# John Deere AG President Concedes Mahindra Could Surpass Deere In Global Unit Sales



## Live Oak

At least that is what Mahindra says on their website. I don't doubt that this could be a real possibility especially in the global market and even more particularly in 3rd world and developing countries who require very basic, reliable, and easy to maintain equipment. 

Mahindra USA Website 


Article is in .pdf format and takes a bit to download for dialup folks. 

Link to Business Week Article


----------



## ducati996

I think the guy was drunk when he said that -  I dont see that happening in my lifetime. Not because the products bad, but nobody sells them. last i checked you need to have sales to be successful and to overcome your competition. 

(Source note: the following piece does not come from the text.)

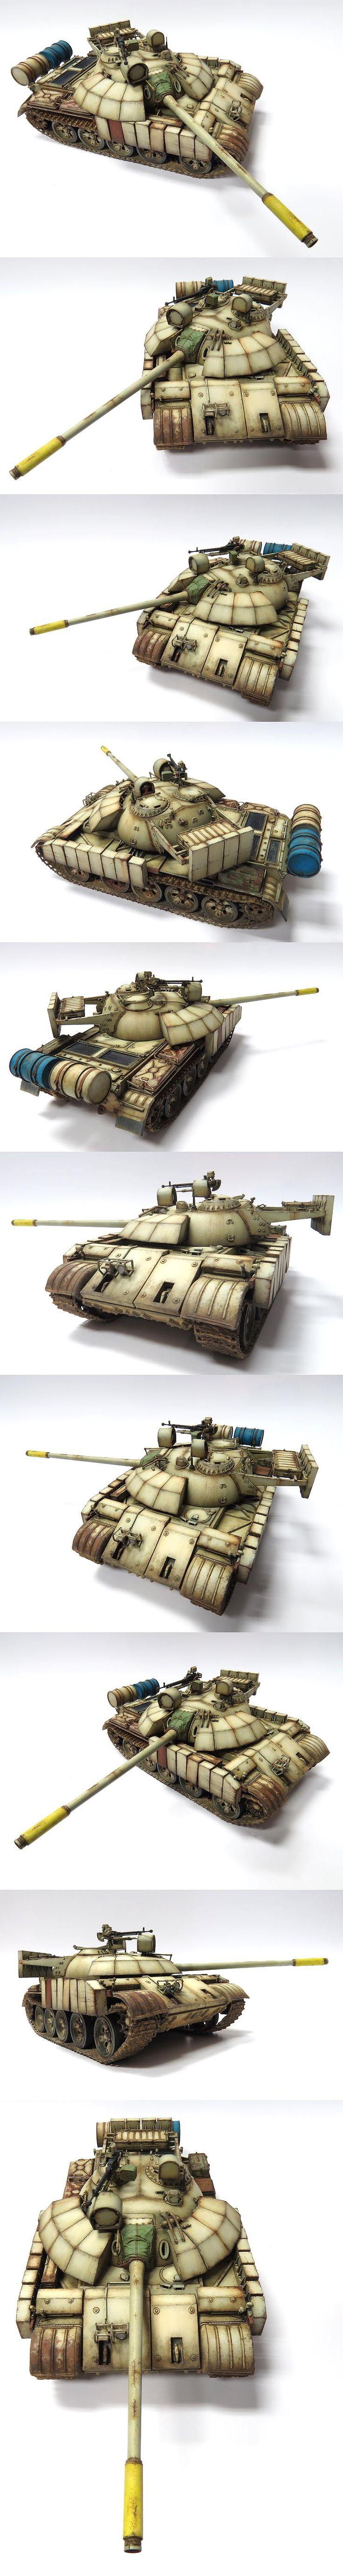 T55 Enigma Model by ***NEOFAUX*** M STUDIO Artist since 2009 Model kit: TAMIYA Scale: 1/35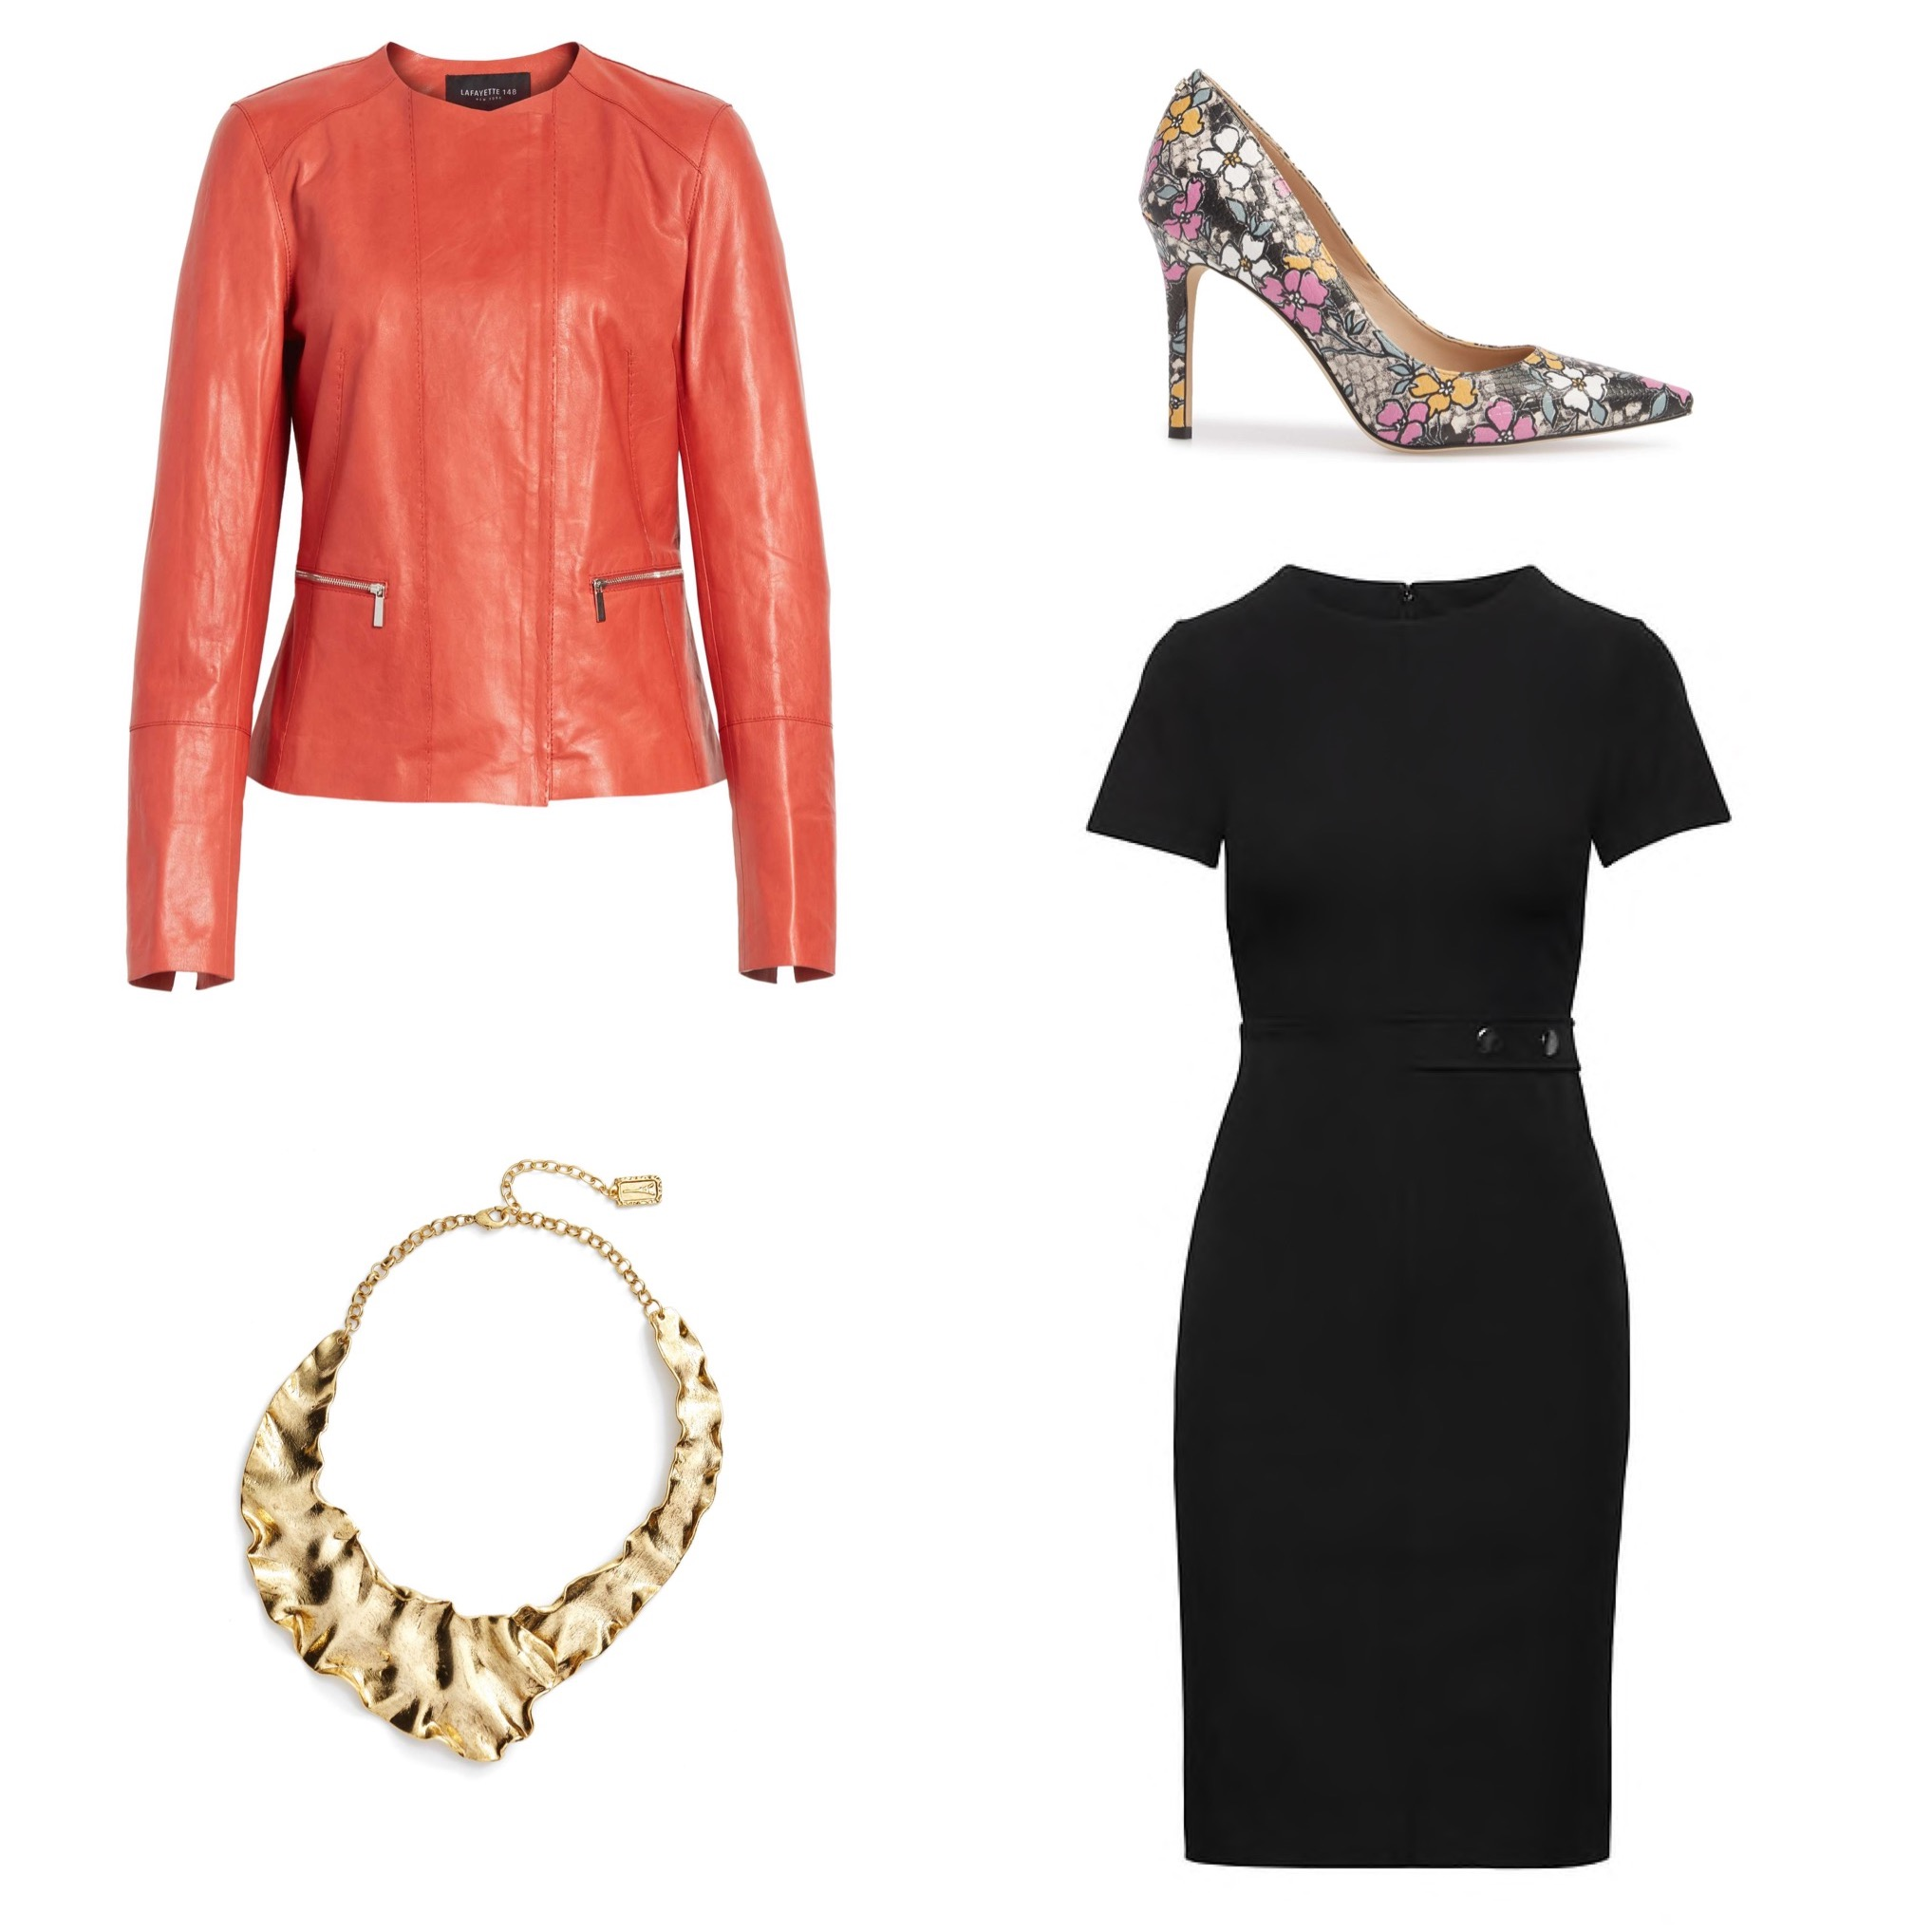 dress and leather jkt.jpeg

Now if he said Kubota - then its more believable


----------



## Fordfarm

US sales are not a real good indicator of "total" sales. If you look at where Mahindra sells the most machines - there are not a lot of JD sles. Like Chief said, They (Mahindra) sell tons of tractors in all parts of the world - in places that JD doesn't. They also sell a lot more machines in the US then you might think!


----------



## Live Oak

To my knowledge with respect to products that Deere sells in the US, Canada, Europe, Australia, etc. Caterpillar is Deere's biggest competition. In most cases large industrial and agricultural equipment. Mahindra sells smaller sized equipment and on a unit sold basis may indeed sell more than Deere or at least a lot more than you think.


----------



## ducati996

Arent they a rebadged mitsubishi on most models? I thought Kioti would be more successful than mahindra


----------



## Live Oak

Bare in mind that Mahindra is an India based corporation that sells tractors and equipment in the 2nd most populus nation in the world. I think this in and of itself accounts for the large number of units sold.


----------



## HarryG

Mahindra is a pretty big company. 
From what I understand they are a family business, very fluid with lots of capital. 
It could happen.


----------